Sensor Module For Being Mounted on a Panel Component of a Motor Vehicle and Panel Component Comprising Such a Sensor Module

Abstract

Sensor module for mounting on a motor vehicle panel component having a sensor housing, at least one environment sensor, at least part of which is disposed in the sensor housing, and which is configured to send and/or receive electromagnetic signals to thus detect a vehicle environment, and a kinematic system having a drive configured to move the sensor housing from a retracted position into at least one deployed position. The kinematic system is configured to move the sensor housing into a first deployed position, which activates the at least one environment sensor to detect the vehicle environment in a portion of its field of view, and to move the sensor housing into a second deployed position, which activates the at least one environment sensor to detect the vehicle environment in its entire field of view.

Claims

1. A sensor module for being mounted on a panel component of a motor vehicle, the sensor module comprising: a sensor housing, at least one environment sensor, at least part of which is disposed in the sensor housing and which is configured to send and/or receive electromagnetic signals to thus detect a vehicle environment, and a kinematic system having a drive configured to move the sensor housing from a retracted position into at least one deployed position, wherein the kinematic system is configured to move the sensor housing into a first deployed position, which activates the at least one environment sensor to detect the vehicle environment in a portion of its field of view, and to move the sensor housing into a second deployed position, which activates the at least one environment sensor to detect the vehicle environment in its entire field of view.

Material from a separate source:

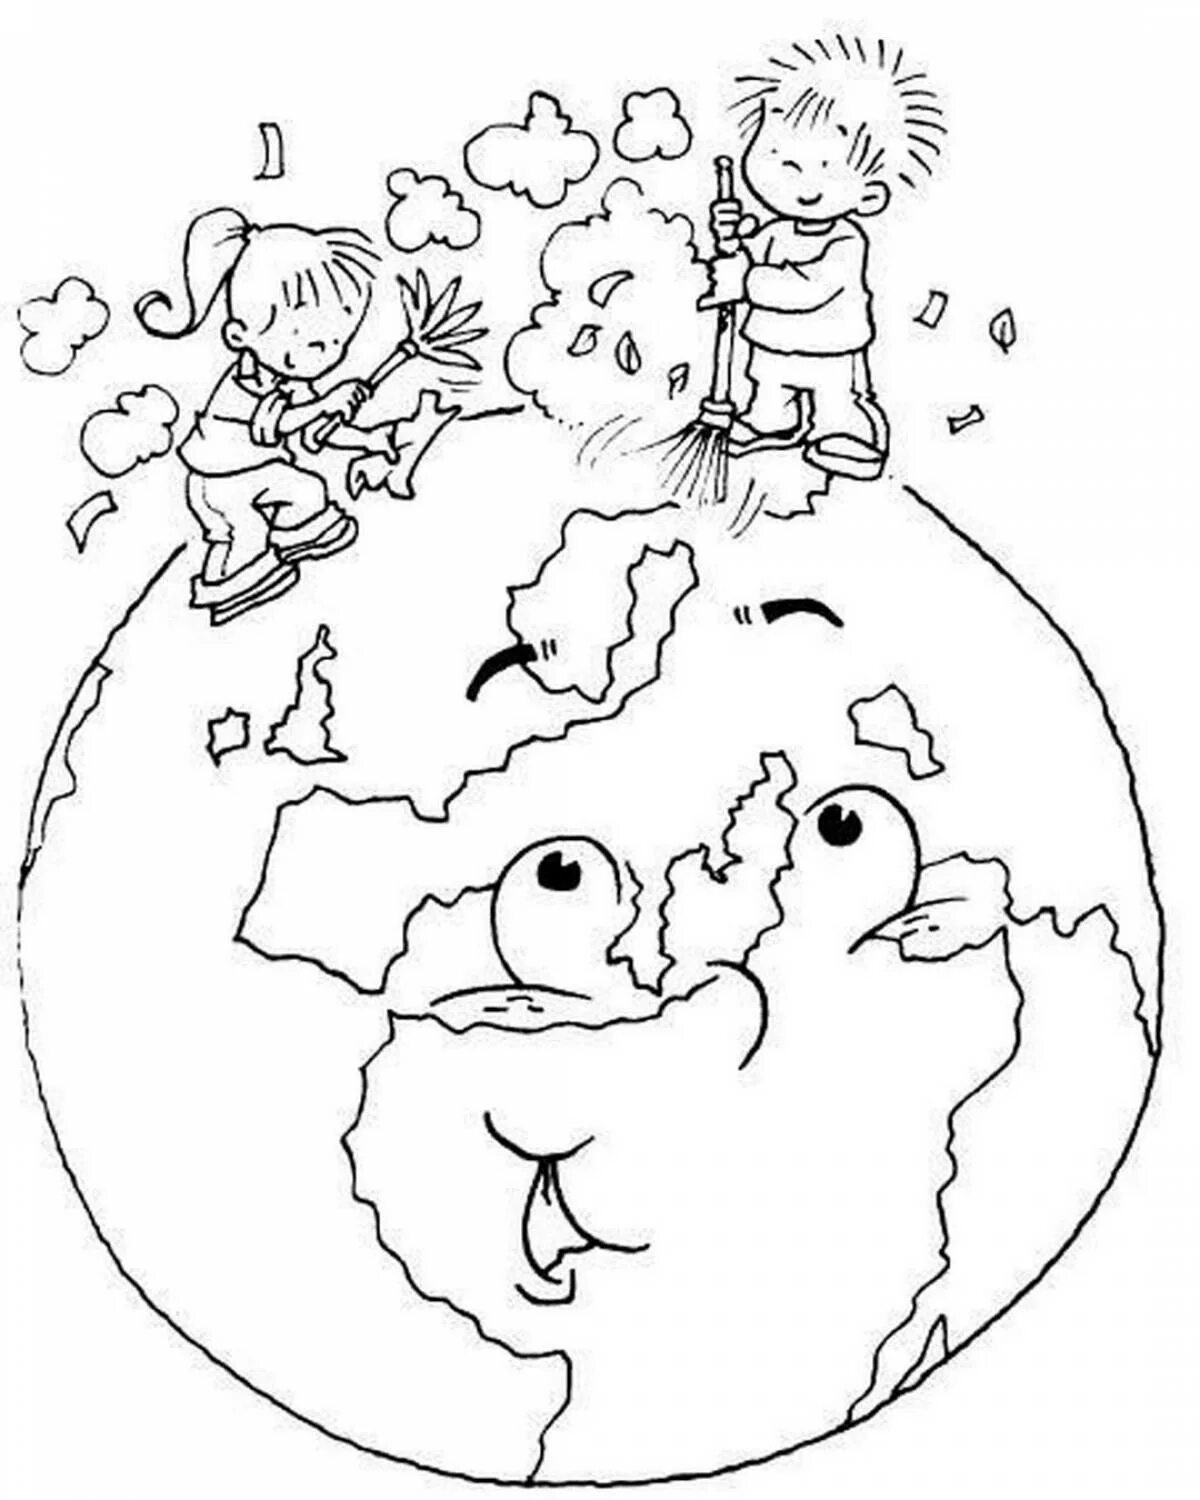 Планета земля раскраска для детей 5 лет. Планета земля раскраска. День земли раскраски для детей. Планета земля раскраска для детей. Планеты раскраска.

2. The sensor module according to claim 1, wherein the kinematic system is configured to also move the sensor housing into any intermediate position between the retracted position and a fully deployed position as a function of a predefined field of view of the at least environment sensor required in a given situation.

3. A sensor module for being mounted on a panel component of a motor vehicle, the sensor module comprising: a sensor housing, a first and a second environment sensor, at least part of each of which is disposed in the sensor housing and which are each configured to send and/or receive electro-magnetic signals to thus detect a vehicle environment, and a kinematic system having a drive configured to move the sensor housing from a retracted position into at least one deployed position, wherein the kinematic system is configured to move the sensor housing into a first deployed position, which activates the first environment sensor to detect the vehicle environment and in which the second environment sensor is preferably deactivated, and to move the sensor housing into a second deployed position, which activates the second environment sensor to detect the vehicle environment.

4. The sensor module according to claim 3, wherein the kinematic system comprises a controller which is configured to detect and/or adjust a current position of the sensor housing and to activate the first and/or the second environment sensor as a function of the current position.

5. The sensor module according to claim 1, wherein the kinematic system comprises a slide, and the drive is connected to the slide in a force-transmitting manner via a flexible shaft or a spindle nut drive.

6. The sensor module according to claim 5, wherein the drive is configured to move the slide back and forth along a guided, preferably linear, curved, circular and/or similarly shaped track by means of the flexible shaft or the spindle nut drive.

7. The sensor module according to claim 5, wherein a slot is provided in the slide, a sliding pin being supported in the slot in a translationally movable manner, the sliding pin being rigidly connected to the sensor housing and/or a spindle nut of the spindle nut drive.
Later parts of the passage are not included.